Lines from the one with "a cup of coffee sits on a blanket on a chair" up to and including the one with "Huge crowds gathered" are to be copied exactly from the records below, without their pictures.

====== Data ======

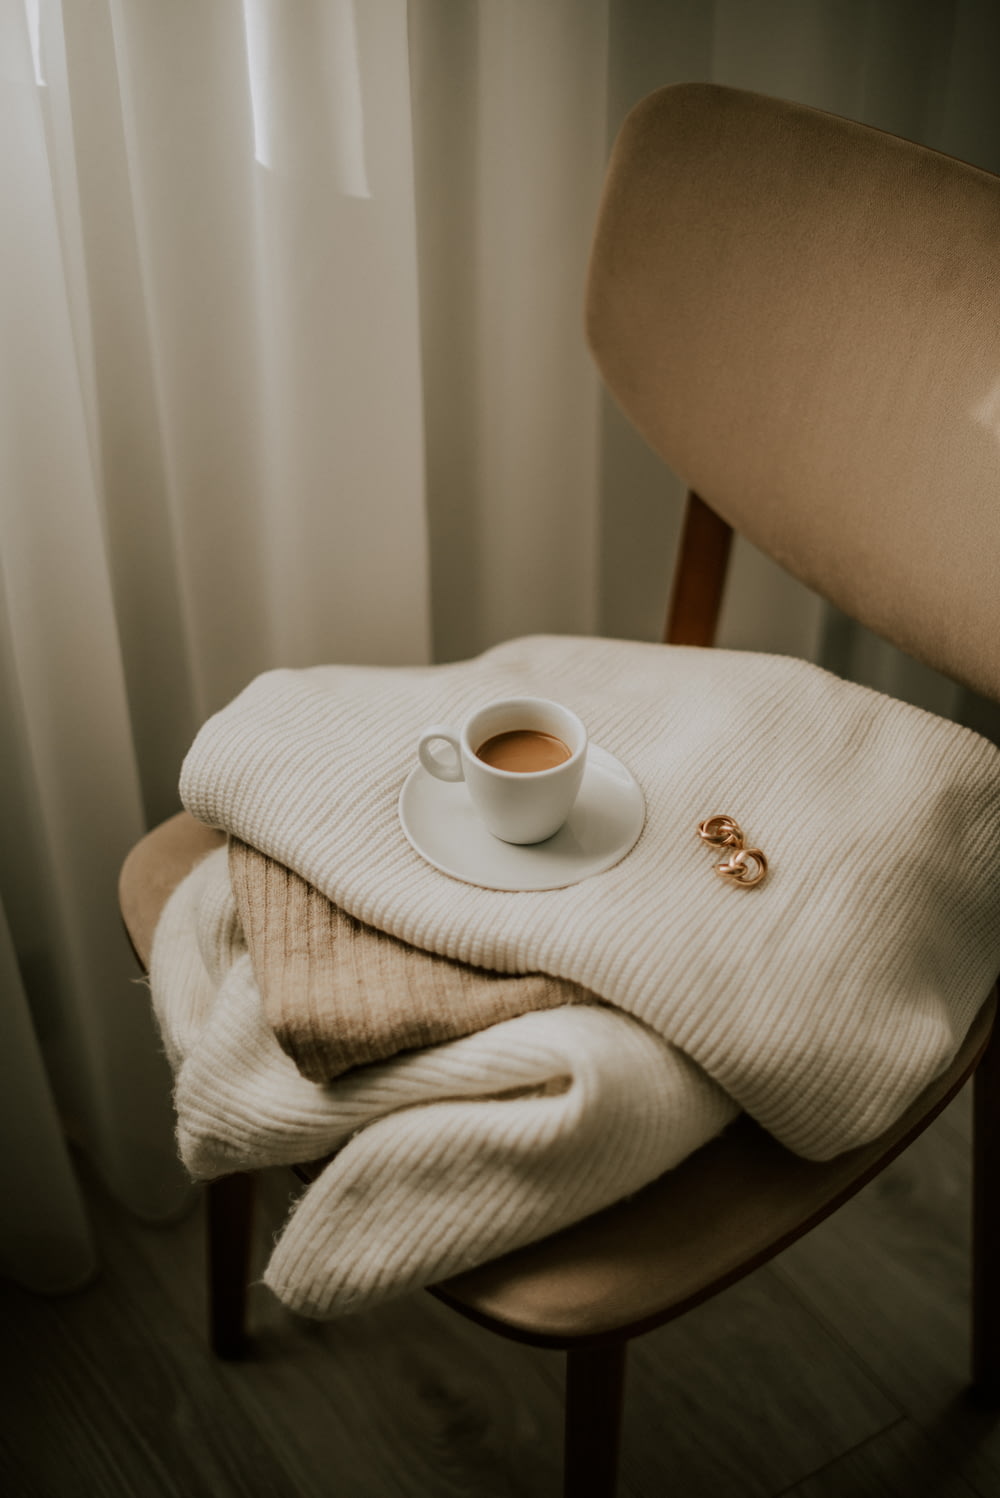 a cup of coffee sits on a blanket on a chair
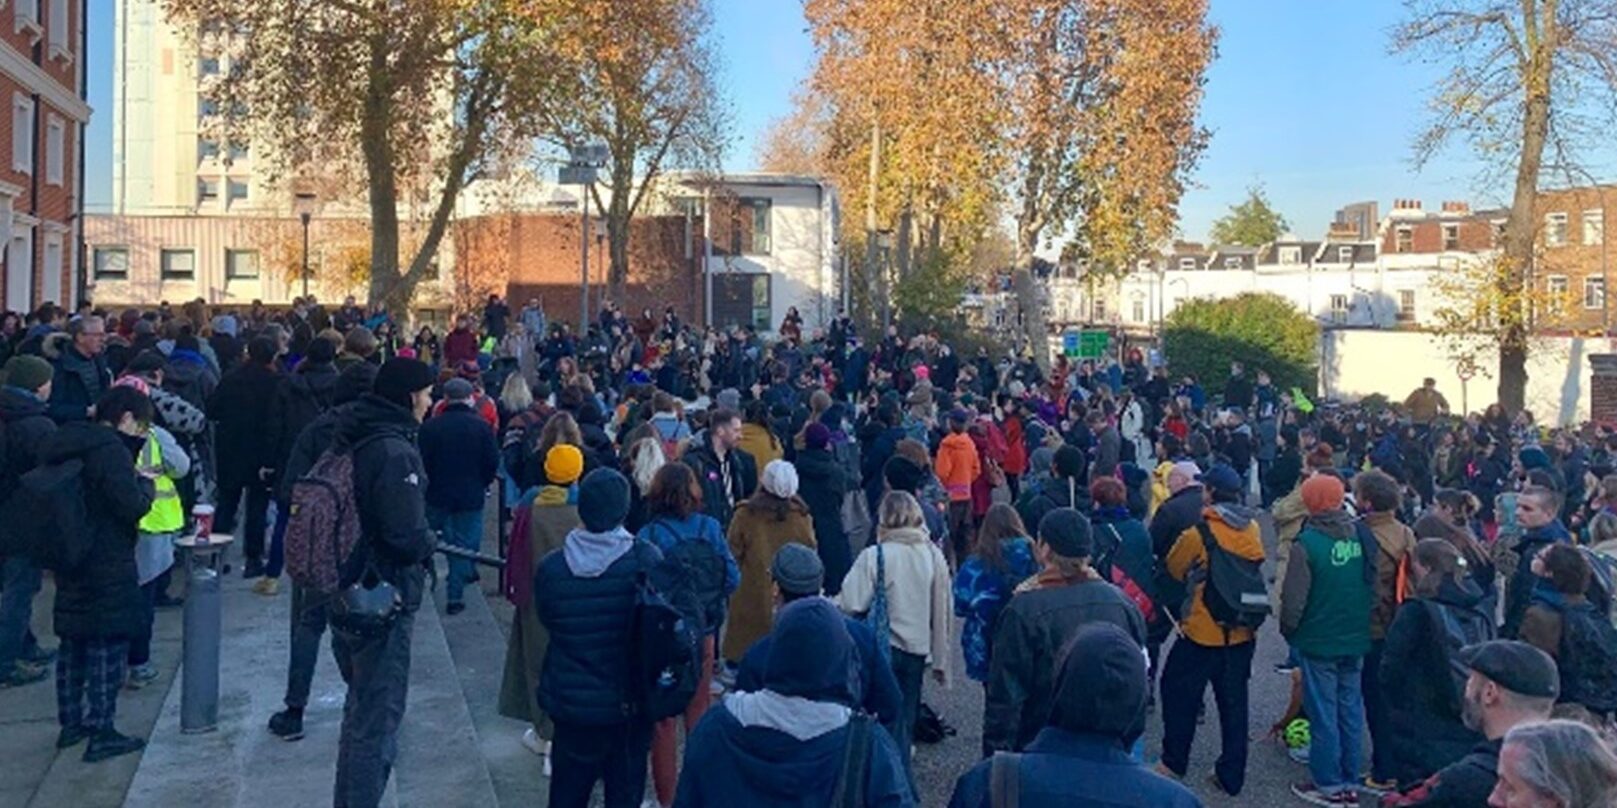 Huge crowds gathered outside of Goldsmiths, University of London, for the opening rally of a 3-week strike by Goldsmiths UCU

======
====== Data ======

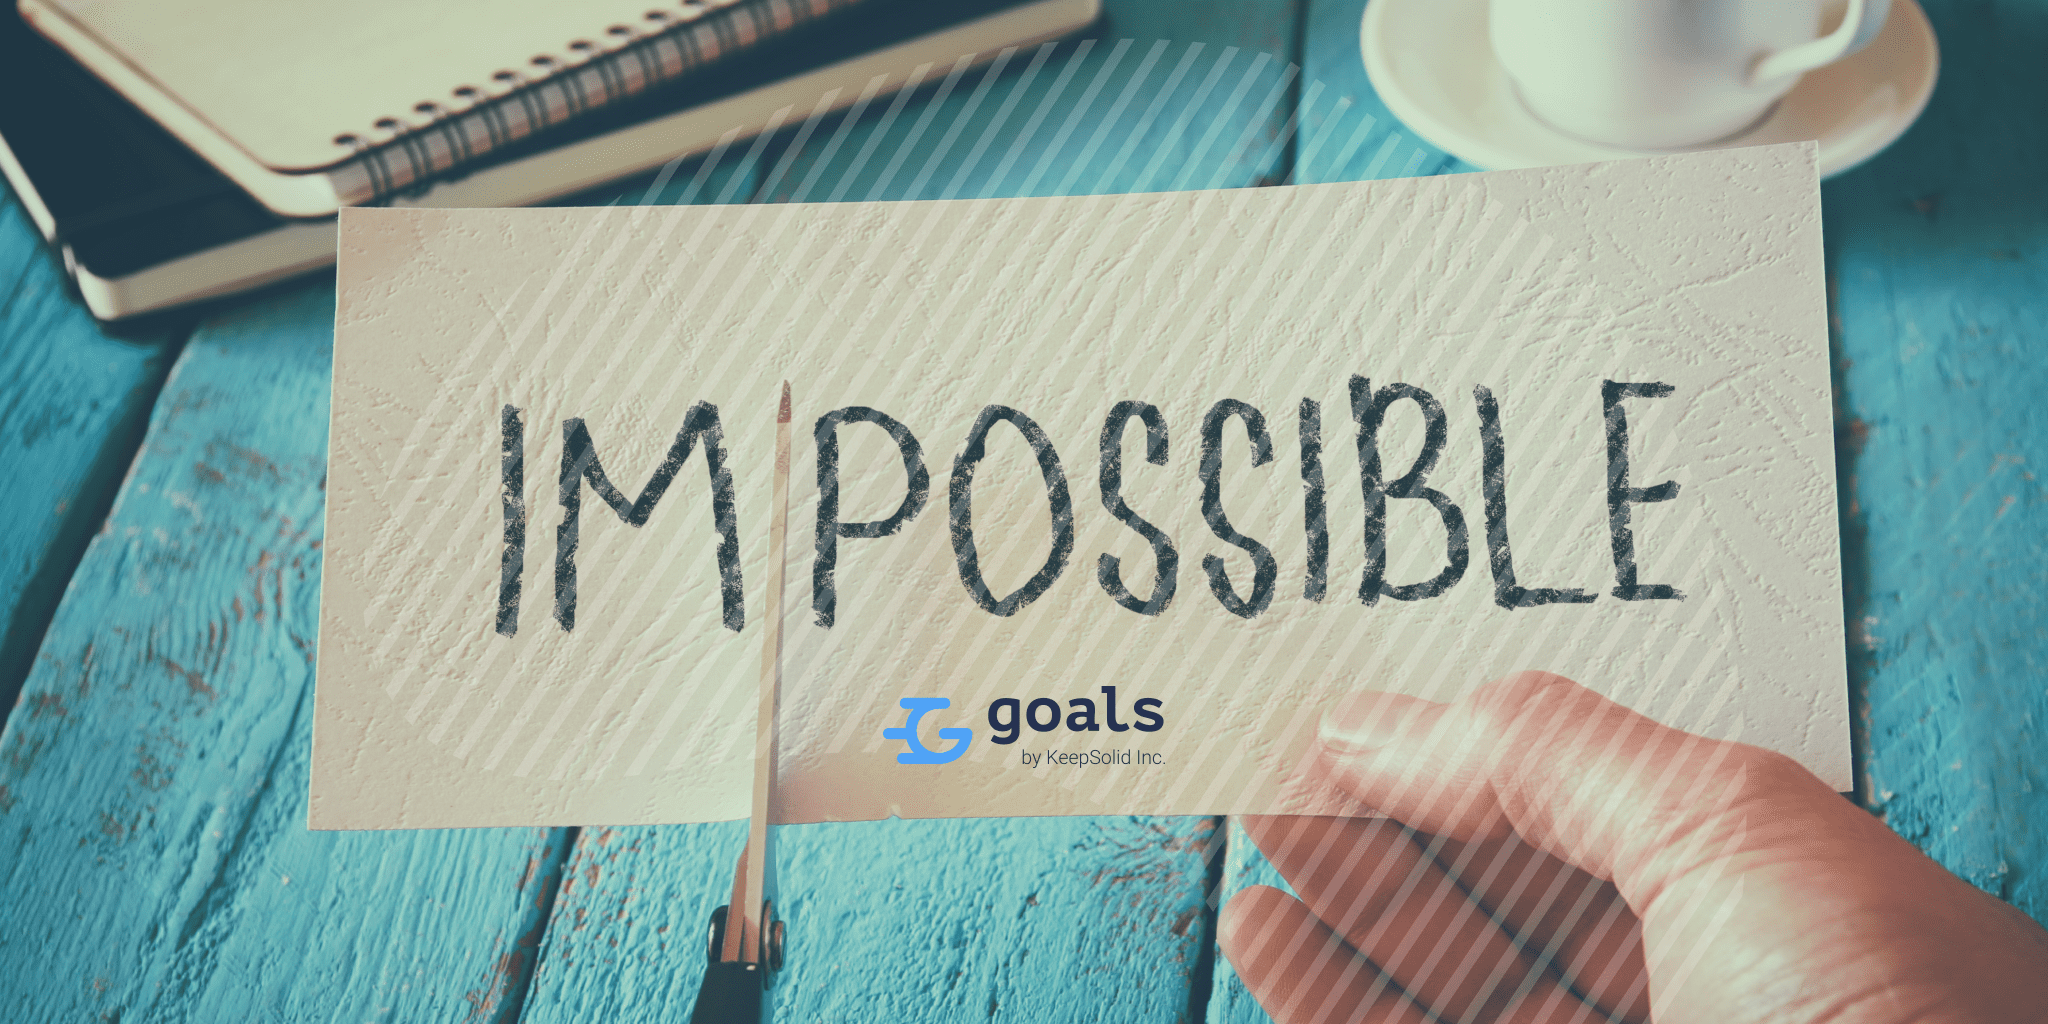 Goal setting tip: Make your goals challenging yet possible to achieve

======

Written response —
 a cup of coffee sits on a blanket on a chair
 Huge crowds gathered outside of Goldsmiths, University of London, for the opening rally of a 3-week strike by Goldsmiths UCU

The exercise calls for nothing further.